Semmelweis expected a revolution in hospital hygiene as a consequence of his
findings. But it didn’t come, because of a phenomenon now called the “Semmelweis
Reflex.”
His hypothesis, that there was only one cause of the disease and that it could be
prevented simply through cleanliness, ran counter to the prevailing medical ideology of
the time, which insisted that diseases had multiple causes. Despite the practical
demonstration of its effectiveness, his approach was largely ignored, rejected or even
ridiculed. Ideology trumped facts.
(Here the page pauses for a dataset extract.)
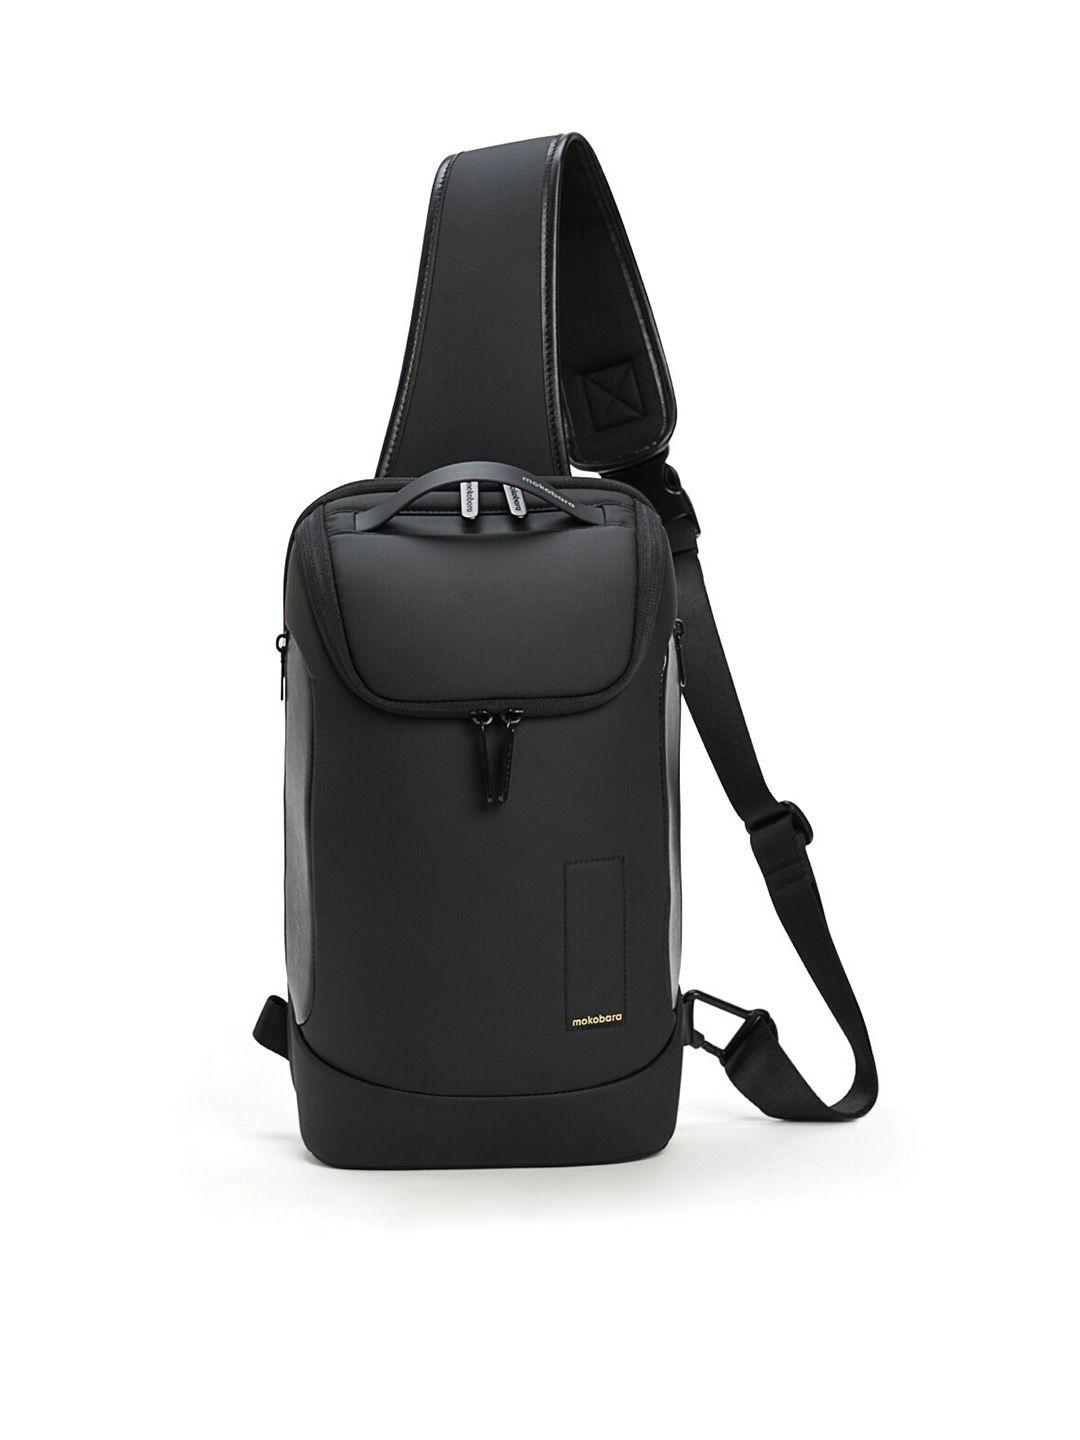 mokobara crossbody meduim backpack
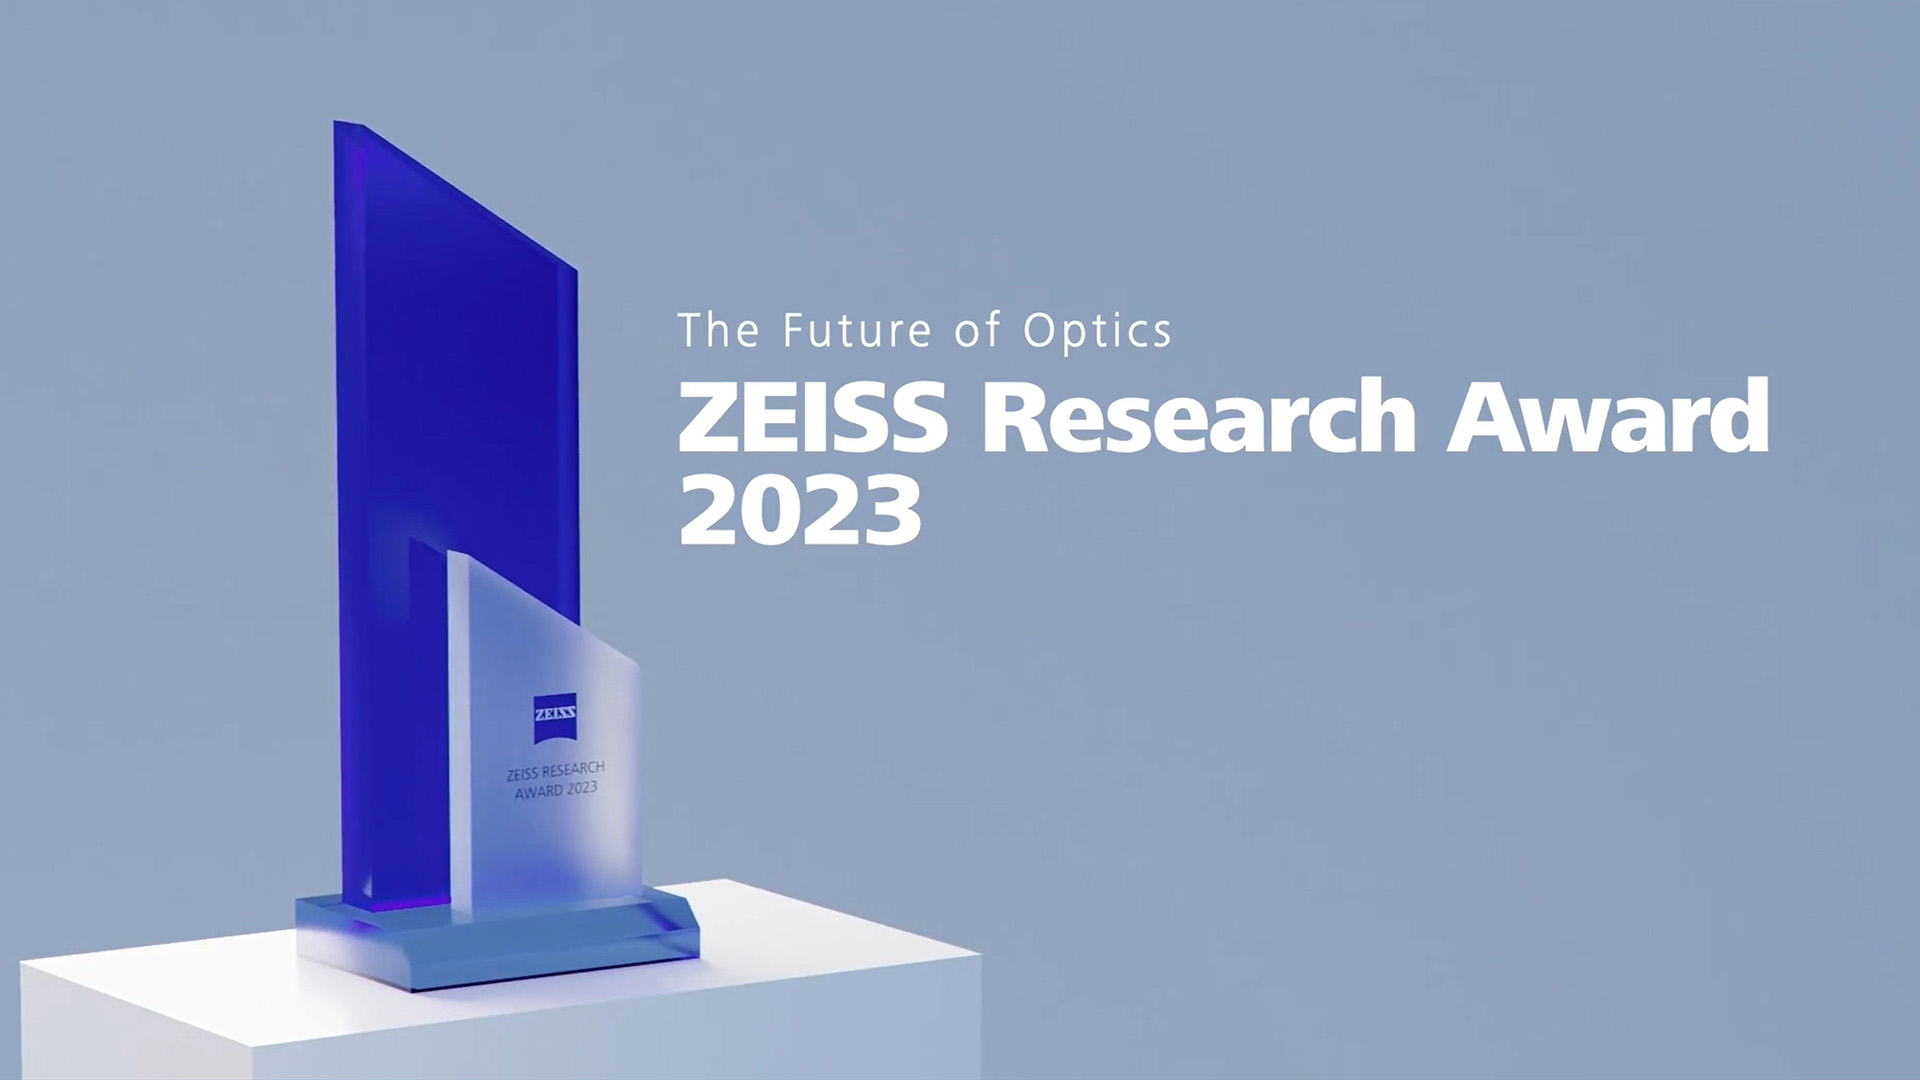 ZEISS Research Award 2023

Things got so bad that Semmelweis was ultimately
dismissed from his hospital post and harassed by the medical community in Vienna,
forcing him to move to Budapest.
In Budapest, Semmelweis grew increasingly outspoken and hostile towards
physicians who refused to acknowledge his discovery and implement his protocols.
Vitriolic exchanges ensued, in medical literature and in letters, and Semmelweis was
eventually lured to an asylum where his opponents had arranged for his incarceration.
He was beaten severely and put in a straitjacket. He died within two weeks. This story
hardly fits within the scientific ideal. As a consequence, the “Semmelweis Reflex” is
our tendency to reject evidence when it contradicts our favored norms and beliefs. It is
exceedingly hard for us to follow the evidence wherever it leads.
Per Kahneman, organizations are more likely to succeed at overcoming bias than
individuals. That’s partly on account of resources, and partly because self-criticism is
so difficult. The best check on bad decision-making we have is when someone (or,
when possible, an empowered team) we respect sets out to show us where and how
we are wrong. Within organizations that means trying to foster what Kahneman calls
“adversarial collaboration” and making sure that everyone can be challenged without
fear of reprisal and that everyone (and especially anyone in charge) is accountable.
But it doesn’t happen very often. Kahneman routinely asks groups how committed
they are to better decision-making and if they are even willing to spend 1% of their
budgets on doing so. Sadly, he hasn’t had any takers yet.